Sunday, April 10, 2011
A Week of Two Resurrections
I experienced a type of my own this week as my beloved cell phone "died." I could no longer check email or use most apps. I could make phone calls, but if you know me well, you know that I rarely use my phone as a phone because I have a great disdain for talking on the telephone. Being only 6 months into my contract with this phone, I feared the outcome. I don't know if you have ever priced smart-phones without the subsidy that you get with the two year contract, but most retail around $500. Ouch! So I went to T Mobile, toting my three oldest kids with me. I figured if things went really bad there, having my kids watching me would at least keep my temper in check. I explained my problem to the guy at the counter. I think that I saw him wince when I told him the problem. He suggested that it could be a bad app or conflicting apps (which was an authentic possibility). He said I should start uninstalling the apps one at a time from newest to oldest. Images of hours working on my phone spun through my head. I handed him the phone and said "wipe it!" "Really?", he said, "most people don't want us to do that." I figured it would either work and I'd have to reinstall the apps, or it wouldn't and then I could ask him "Now what?" He wiped the phone, I entered my Google info, and.... Nothing! "Now what?" I asked. He winced... again. After scratching his head, he said, with an unsure voice, "It could be your SIM card." What did I have to lose? He went through a process of copying data from my old SIM card to a new one, put it in the phone and we waited for it to boot. Bing, bing, bing... Email began popping into my inbox. Resurrection! I very sincerely thanked the young man, who now was looking very proud of himself. I must admit, that I was impressed. I had been fully bracing myself for the awful experience of trying to find a replacement on Ebay. Awesome job Mr. T Mobile sales guy! I saw a dead phone and little hope. I received a free gift of new life for my phone. Just a tiny taste of today's Gospel in my own life.

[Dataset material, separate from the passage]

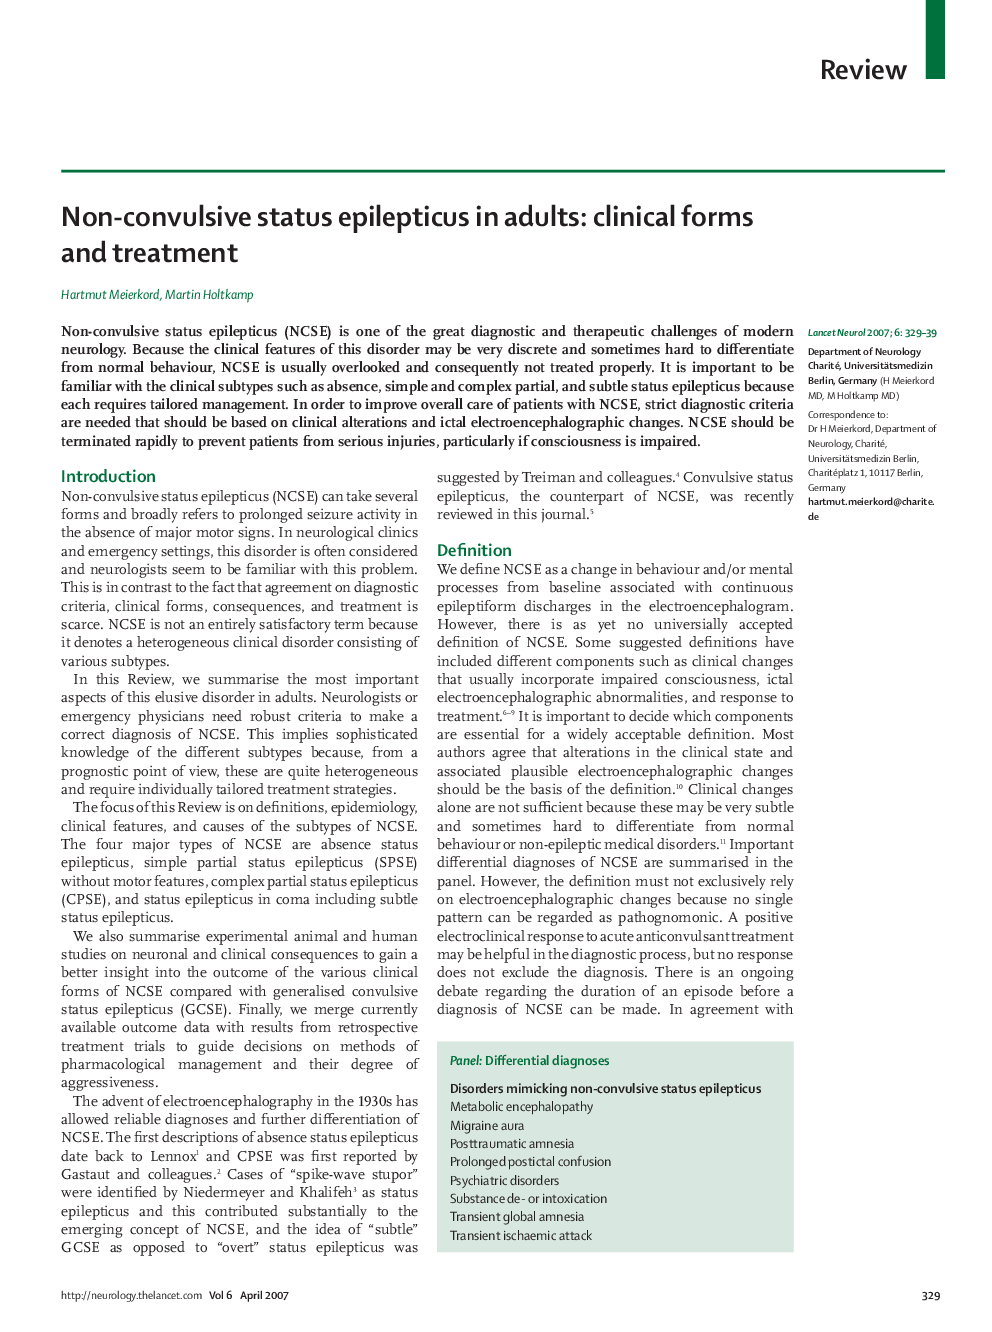 Non-convulsive status epilepticus in adults: clinical forms and treatment

When hearing todays Gospel, I can't imagine what Mary, Martha and the others must have felt. Their hopelessness had to be so deep, and their loss so great. They had seen Jesus heal so many, but he did not come until Lazarus had dies. "If only he had come sooner, our brother would still be alive", they must have thought. Imagine the conflict they must have felt. They deeply loved Jesus and believed that he was the Messiah, but they felt the wrenching loss of their brother, whom they also loved deeply. They had to be hurt, frustrated, and even angry. Then it happened. In my mind, I believe there had to be this moment pregnant with anticipation and wonder. Christ had them roll away the tomb, and I am sure that at first everyone believed that our Lord wanted to see the body of his close friend in order to mourn. But then Jesus said, "Did I not tell you that if you believe that you will see the Glory of God?" At this moment they had to wonder, "What is our Lord saying?" Amidst the pain of loss and great frustration, the truth of what was about to happen must have begun to penetrate their thinking. Jesus prayed to the Father for the benefit of those present, evoking further expectancy, wonder, and expectancy. This came to a climax, erupting in the words "LAZARUS, COME OUT!" Then a moment of stillness. Can you imagine that moment? Will he come out? II have seen Jesus do great things, but do I dare hop? Then, after a what seemed to be a moment frozen in time... Lazarus came forth from the tomb, followed by a unmeasurable outpouring of rejoicing, thanksgiving, and tears of joy.
This amazing event in the life of Christ, as truly awesome as it is, is also a type of of something infinitely greater - the resurrection of the God-Man, Jesus Christ, which we are preparing for in just two weeks. An event which caused all of creation to be renewed and which ripples throughout all eternity. but alas, it is still Lent... and so we wait.